How to complete this task.
Repeat the listing verbatim. Drop any pictures.

Source material.
______________________________
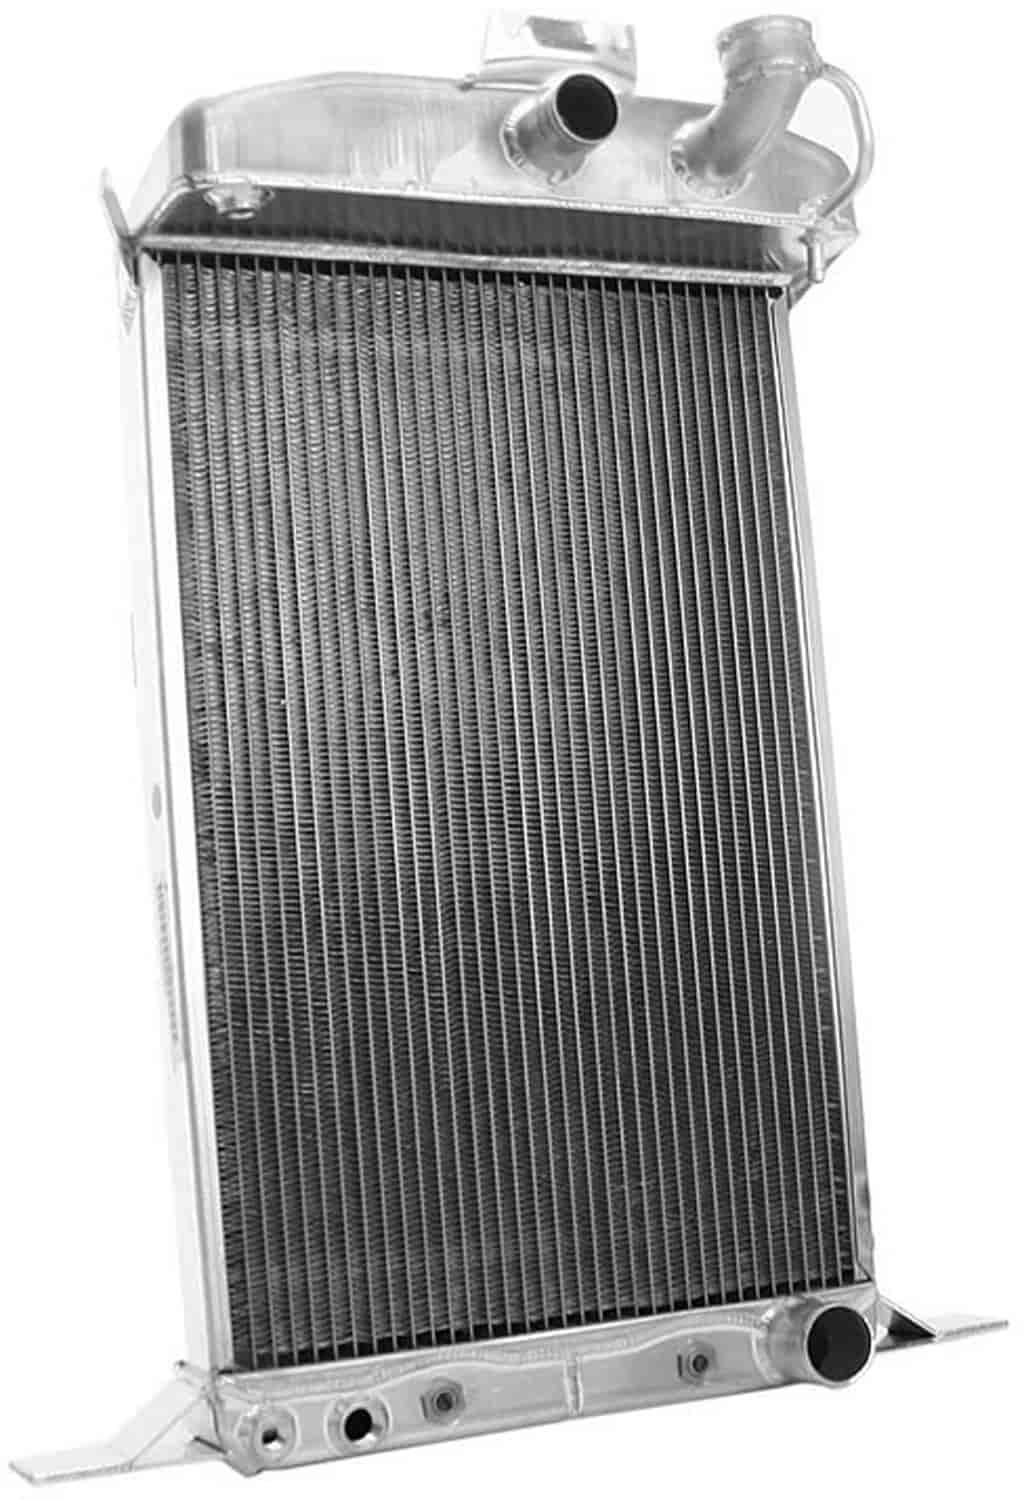 ExactFit Radiator for 1937-1938 Ford with Early GM
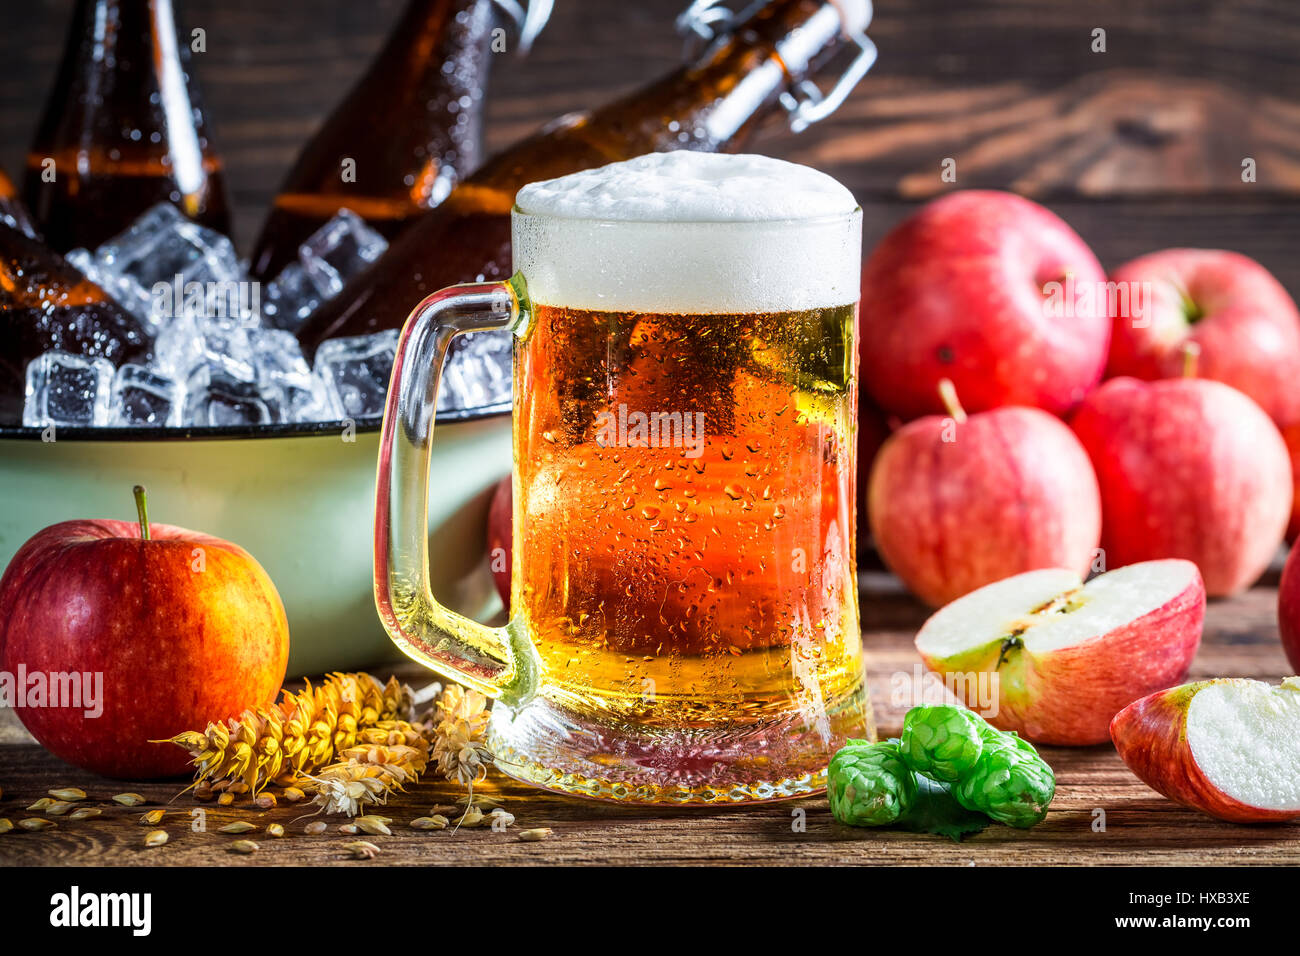 Cold and fresh cider beer with apples Stock Photo
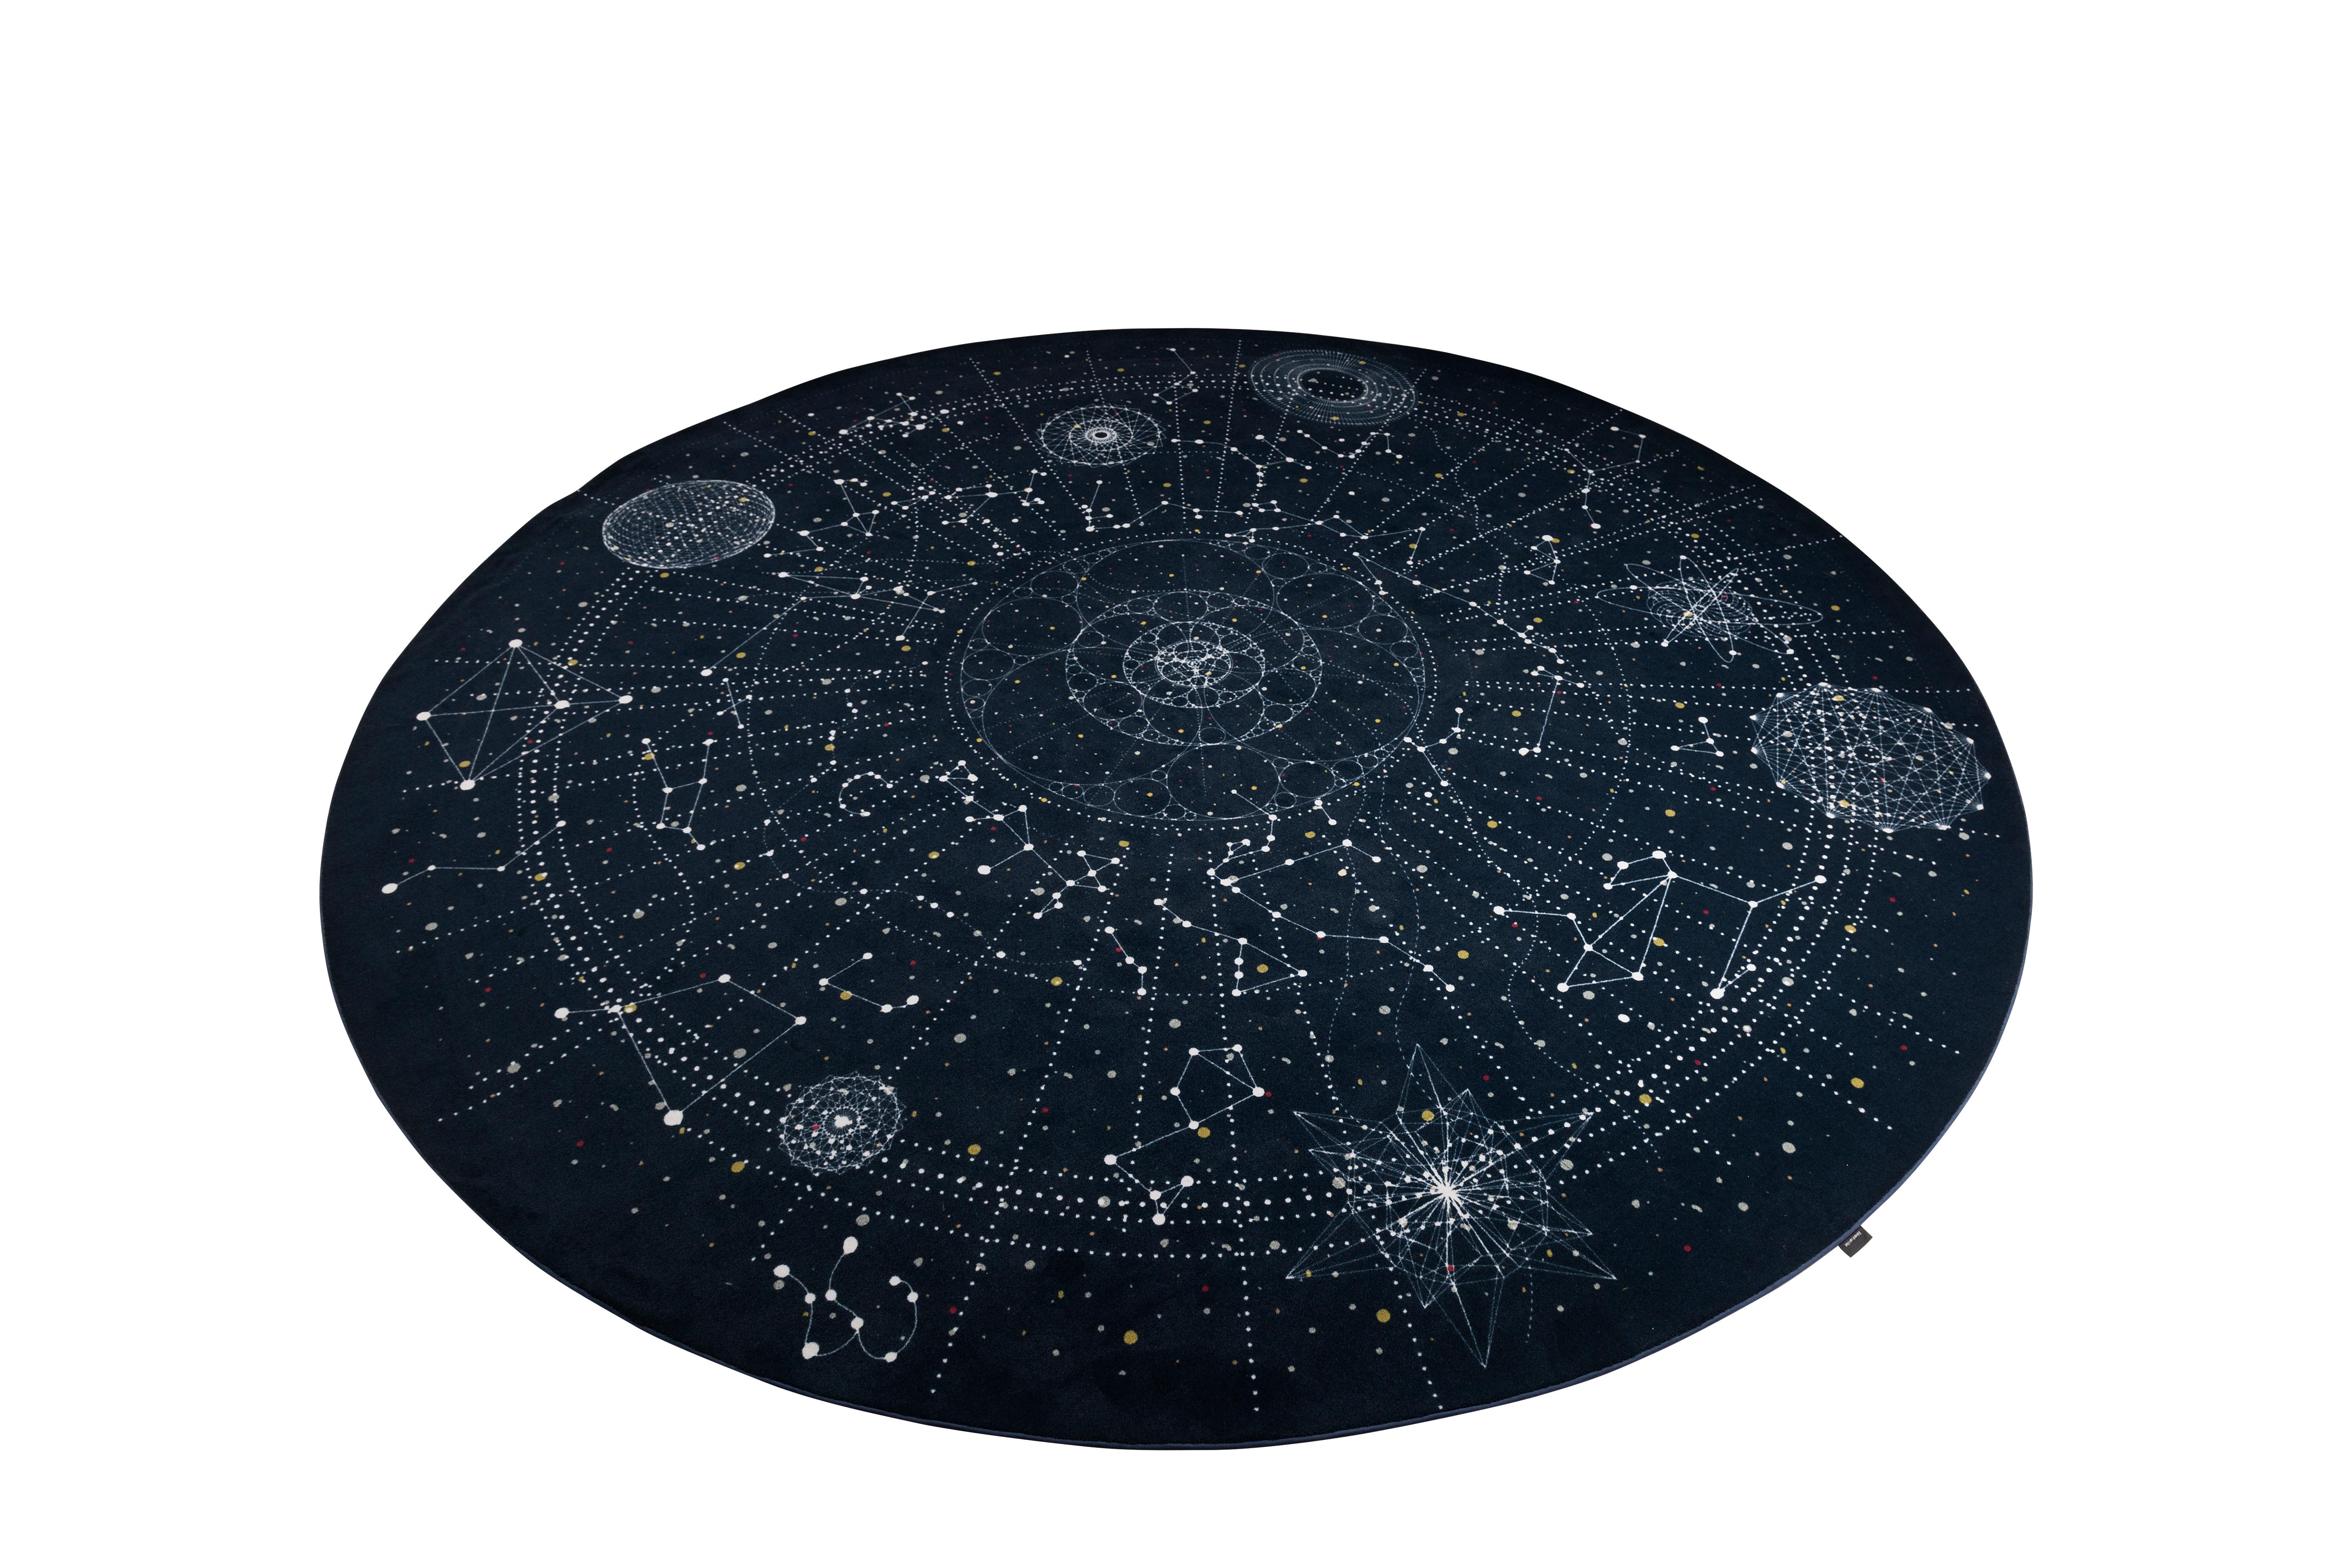 Moooi Large Celestial rug in Soft Yarn Polyamide by Edward van Vliet

After his graduation from the Design Academy Eindhoven in 1989 – Edward belongs to the famous generation of Dutch designers who have been causing international sensation for
______________________________
Exercise response.
 ExactFit Radiator for 1937-1938 Ford with Early GM
 Cold and fresh cider beer with apples Stock Photo
 Moooi Large Celestial rug in Soft Yarn Polyamide by Edward van Vliet

After his graduation from the Design Academy Eindhoven in 1989 – Edward belongs to the famous generation of Dutch designers who have been causing international sensation for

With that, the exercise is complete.